10 de La helada de 2920 Phrygias, Roca Alta
La criatura que estaba ante ellos, irracional, parpadeaba con sus vidriosos ojos y abría y cerraba la boca como si volviera a aprender sus funciones. Un pequeño amasijo de saliva burbujeaba y colgaba entre sus colmillos. Turala nunca había visto antes un ser parecido, reptiliano y enorme, apoyado sobre sus patas traseras como si fuera un hombre. Mynistera aplaudió con entusiasmo.

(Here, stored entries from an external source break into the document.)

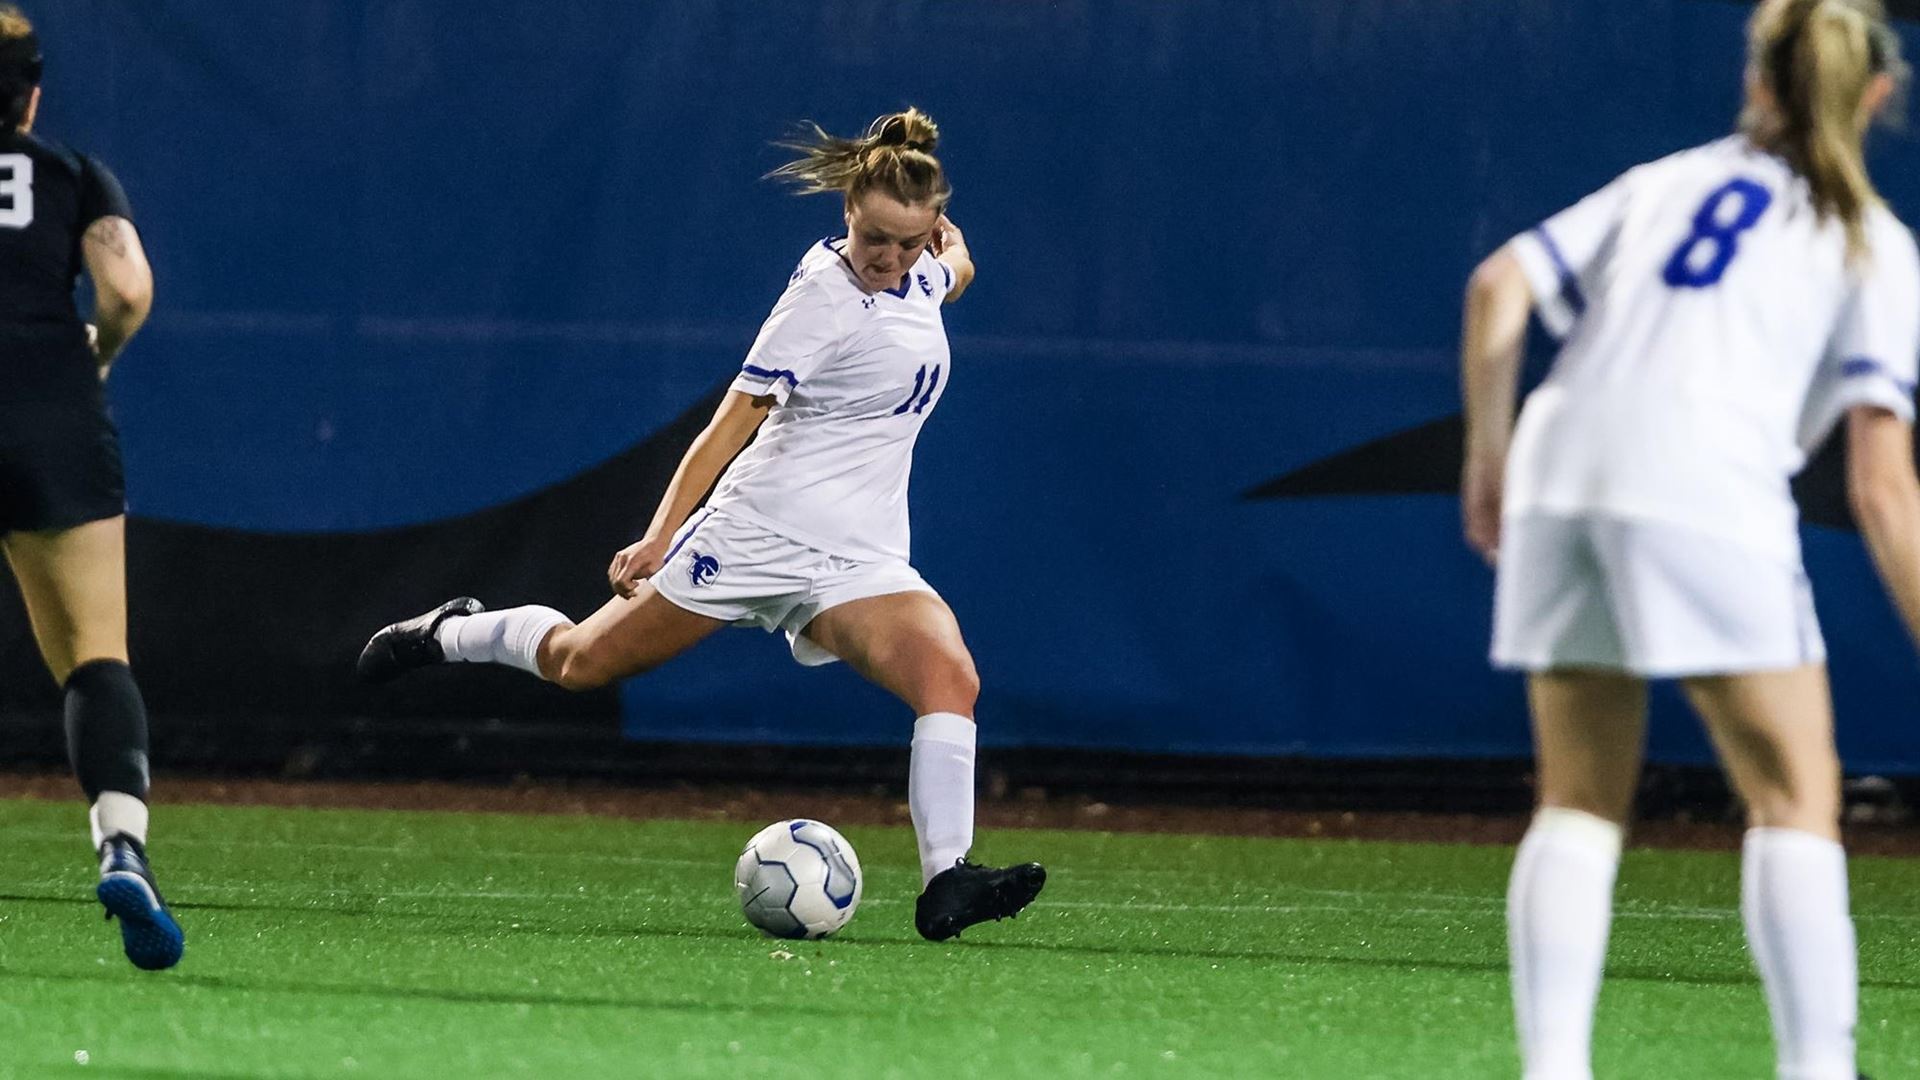 A Seton Hall women's soccer player kicks the ball during a game against Lafayette.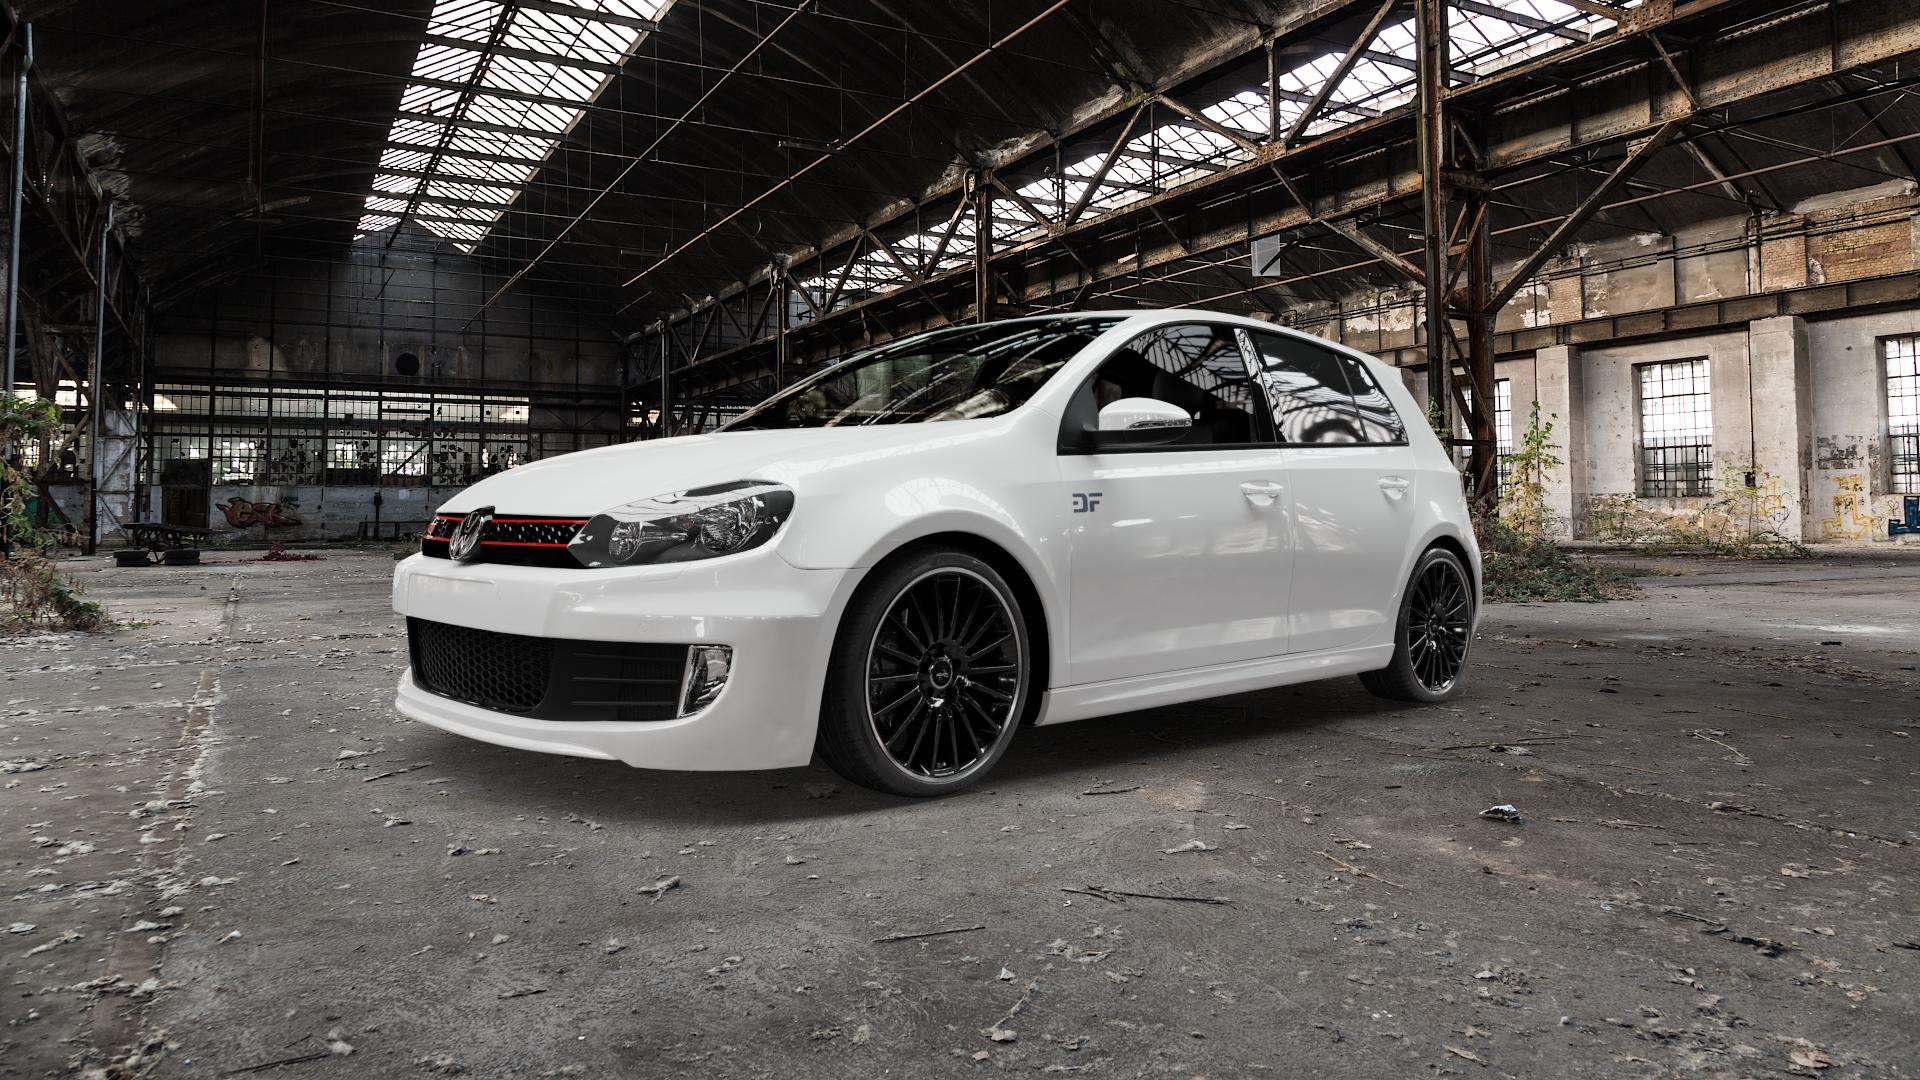 Volkswagen (VW) Golf 6 2,0l Turbo GTI Edition 35 173kW (235 hp) Wheels and  Tyre Packages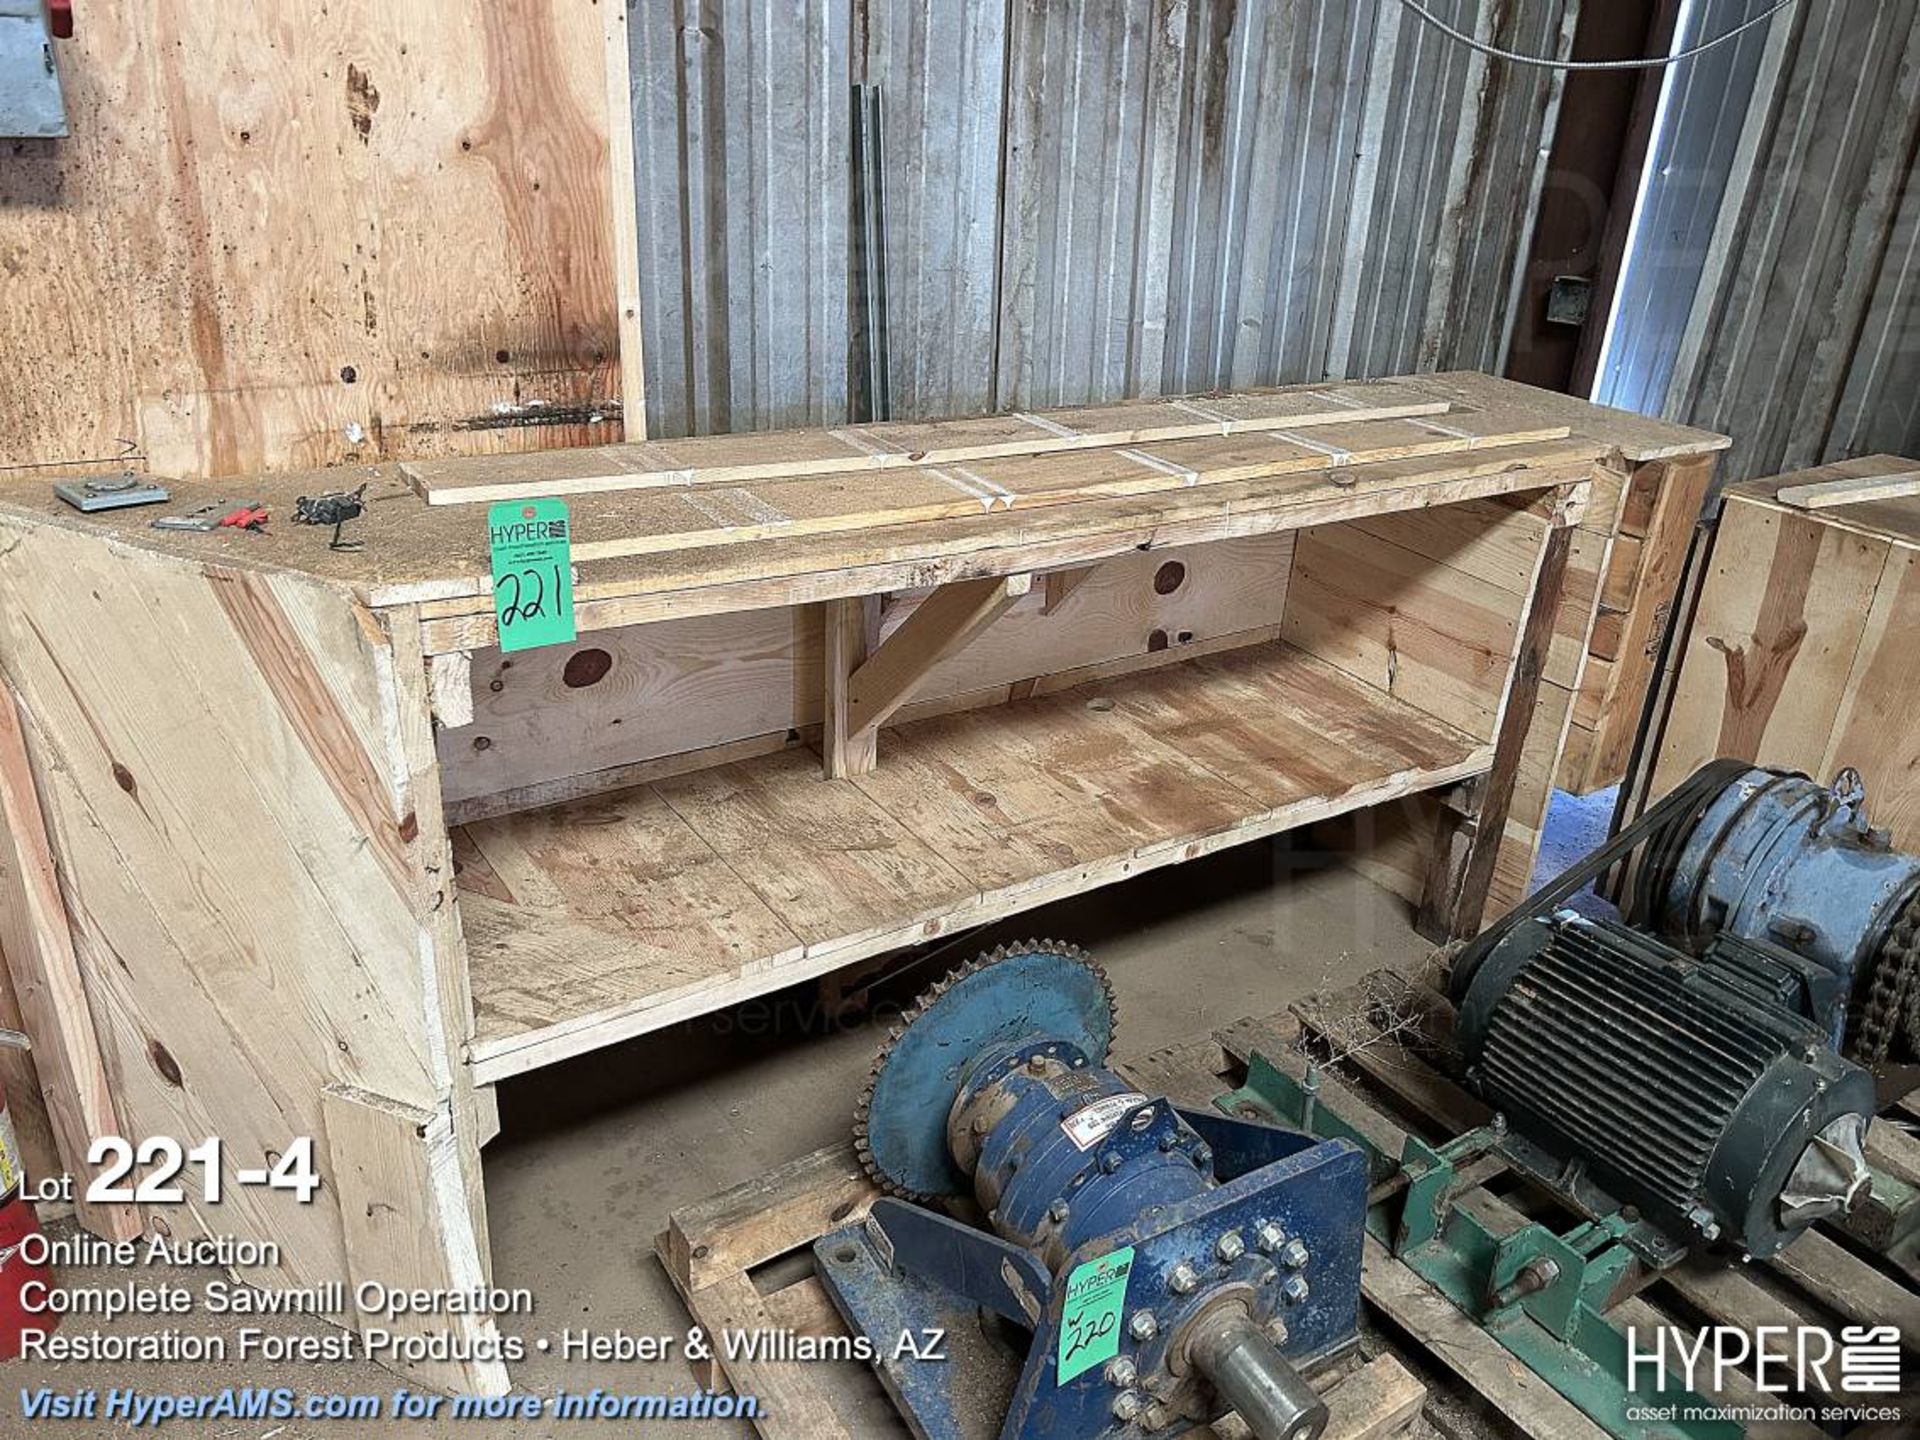 Lot: Wood shelves, cabinet, table, chairs, and microwave - Image 4 of 4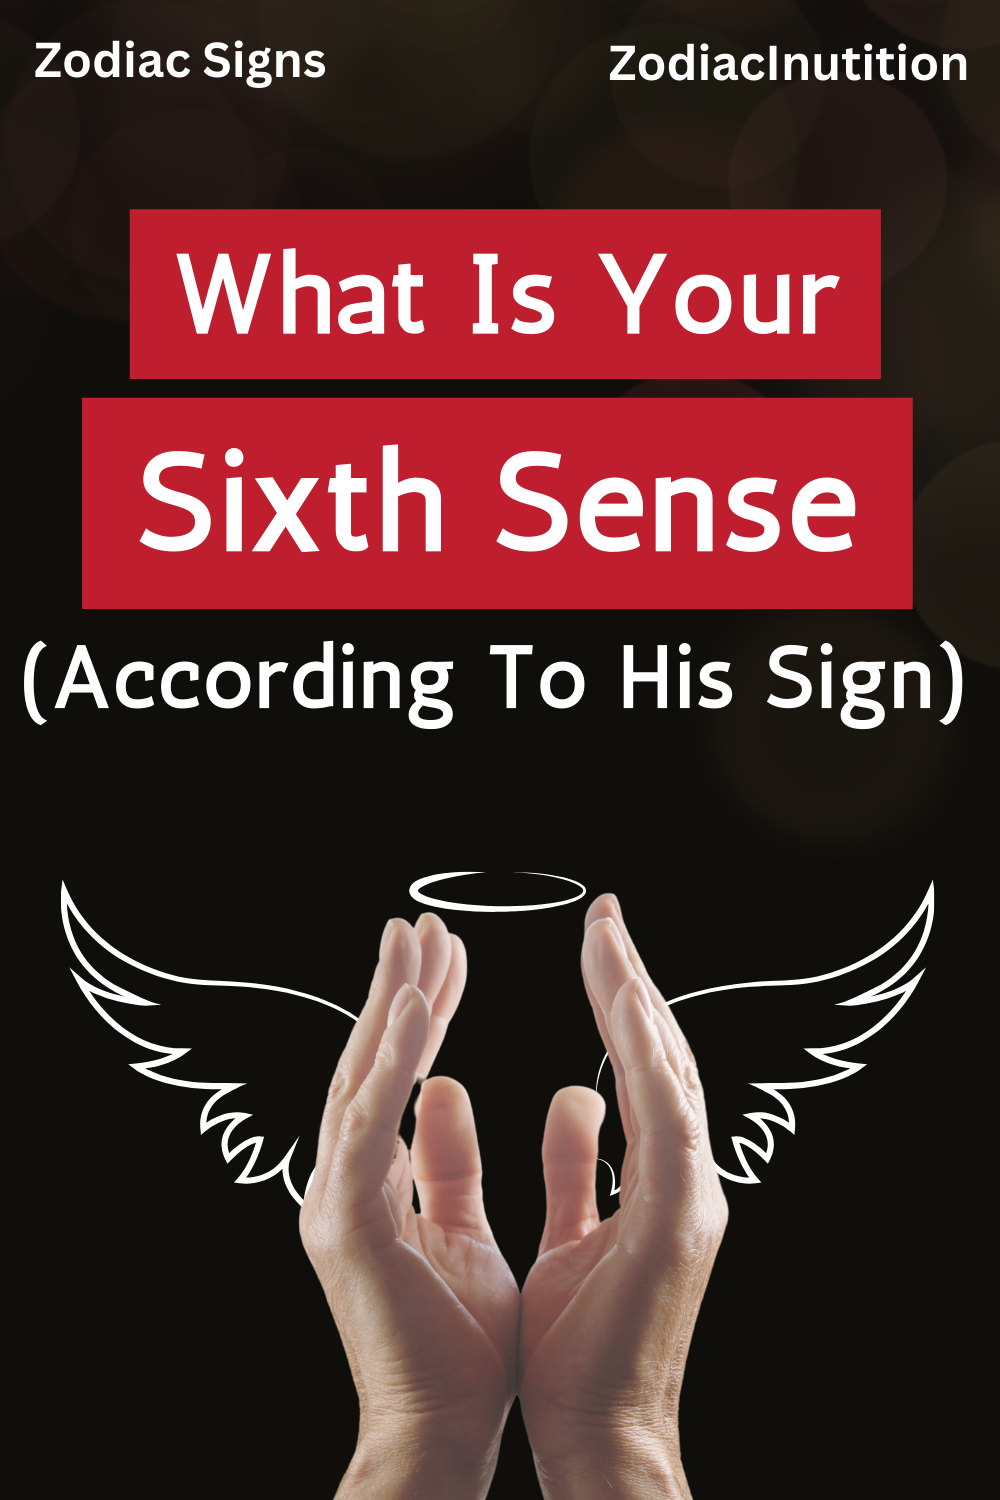 What Is Your Sixth Sense According To Your Sign?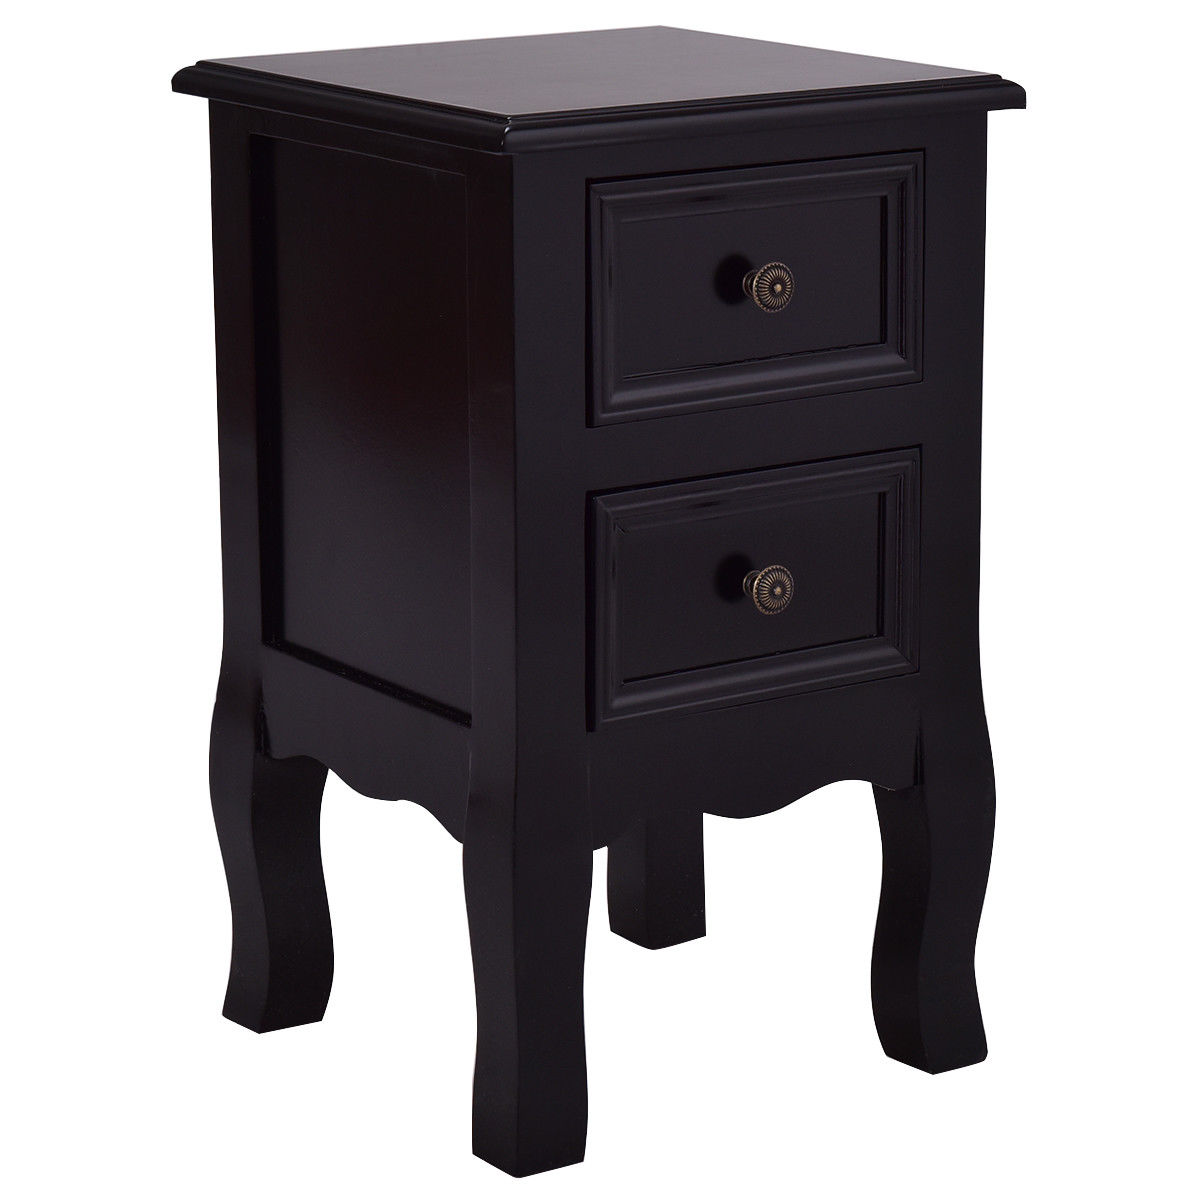 way black night stand storage drawers wood end accent table with ikea closet organizer side tabletop gas grill tama drum stool large white umbrella farmhouse dining plans mid

“Mi niña”, alardeó, “has llegado tan lejos en tan poco tiempo... ¿En qué estabas pensando cuando invocaste a este daedroth?” Turala tardó un momento en acordarse de si estaba pensando realmente en algo. Simplemente estaba abrumada por haber atravesado el tejido de la realidad y entrado en el reino de Oblivion, de donde arrancó a esta odiosa criatura, conjurándola a este mundo gracias al poder de su mente. “Estaba pensando en el color rojo”, dijo Turala, concentrándose. “La simplicidad y la claridad del mismo. Y entonces, lo deseé y pronuncié el hechizo. Y esto es lo que conjuré”.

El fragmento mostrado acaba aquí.